Иван Федоров и возникновение книгопечатания в Москве и на Украине
Часть 16. Западноевропейская традиция в возникновении русского книгопечатания (продолжение)
Переводные повести
Изучать пути проникновения западной печатной книги на Русь удобно на материале древнерусской переводной повести, и здесь нам неоднократно придется называть имя Бартоломея Готана. Начнем с широко распространенного в книжности XVI–XVII столетий сюжета, известного под наименованием «Прение живота и смерти»1, в древнейшей своей редакции представляющего собой дословный перевод одного нижненемецкого стихотворения2. Пробный оттиск стихотворения был в 1875 году найден немецким филологом В.Мантелсом в рукописи XV столетия3. Оттиск был сделан на чистом обороте бракованного листа из какого-то медицинского издания. Последующие исследования установили, что лист взят из книги Ортолфа фон Байернланда «Книга лекарств от всех болезней», отпечатанной в 1484 году в Любеке Бартоломеем Готаном4. Сохранился лишь фрагмент оттиска без указания печатника и времени издания, так что немецкий оригинал «Прения живота и смерти» приписывать Готану можно было только предположительно. Но вот впоследствии в Вольфенбюттельской библиотеке была найдена рукописная копия стихотворения с выходными сведениями, гласящими «Bartholomeus Gothan impressit in Lubeck» («Бартоломей Готан напечатал в Любеке»). Немецкий славист Гаральд Рааб сравнил недостающие в оттиске и имеющиеся в вольфенбюттельской копии строфы с соответствующими строфами русских списков и в результате пришел к выводу о том, что повесть «Прение живота и смерти» в древнейшем своем списке является дословным переводом нижненемецкого стихотворения, напечатанного около 1484 года в Любеке Бартоломеем Готаном. Доказательством этого служит и тот факт, что древнейший список имеет новгородское происхождение.

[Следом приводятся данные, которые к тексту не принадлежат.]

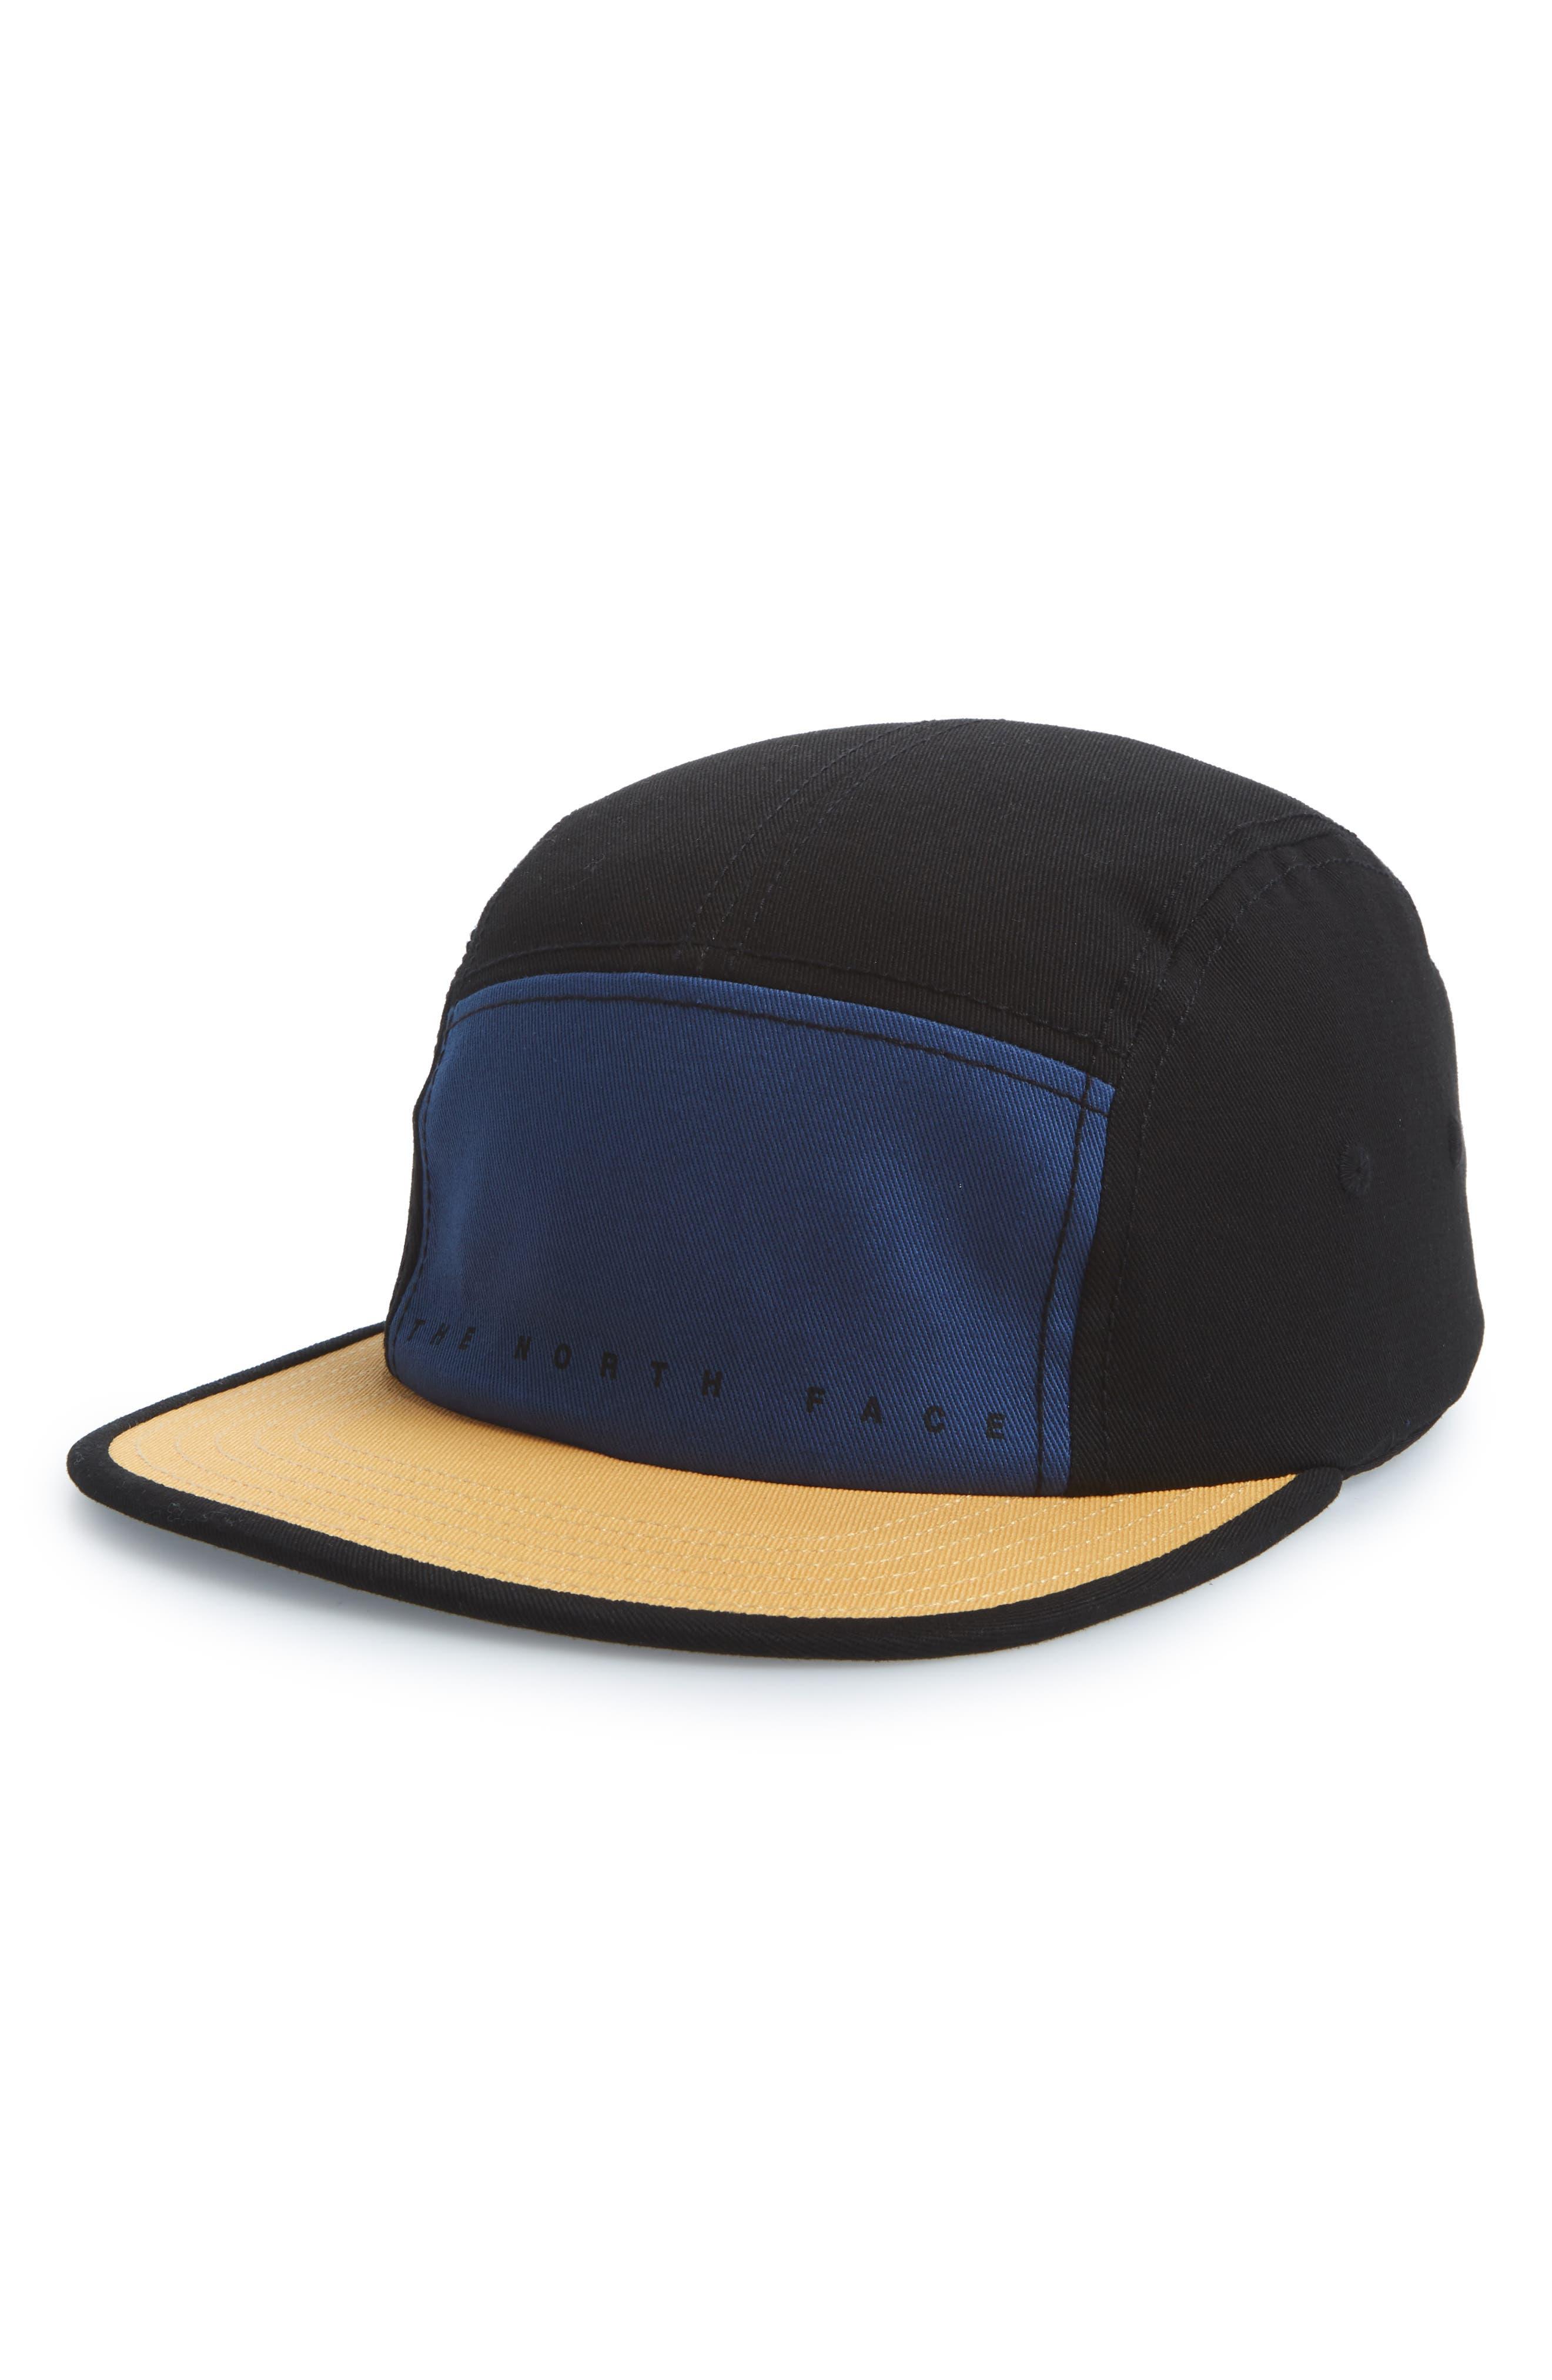 Five-Panel Baseball Cap,                             Main thumbnail 1, color,                             Dish Blue/ Black/ Amber

К Готану восходит и оригинал другой древнерусской повести «Сказания о Дракуле воеводе»5. Прототипом деспотического тирана Дракулы, героя многочисленных художественных книг и фильмов ХХ столетия, послужил молдавский воевода Влад Цепеш, правивший в восточной Валахии в 1456-1462 годах. Один из первых исследователей повести Александр Xристофорович Востоков считал, что ее автором был дьяк Федор Васильевич Курицын (умер после 1500-го), возглавлявший московское посольство 1482 года к венгерскому королю Матвею Корвину. По мнению Востокова, Курицын мог познакомиться с устными рассказами о Цепеше в Венгрии6.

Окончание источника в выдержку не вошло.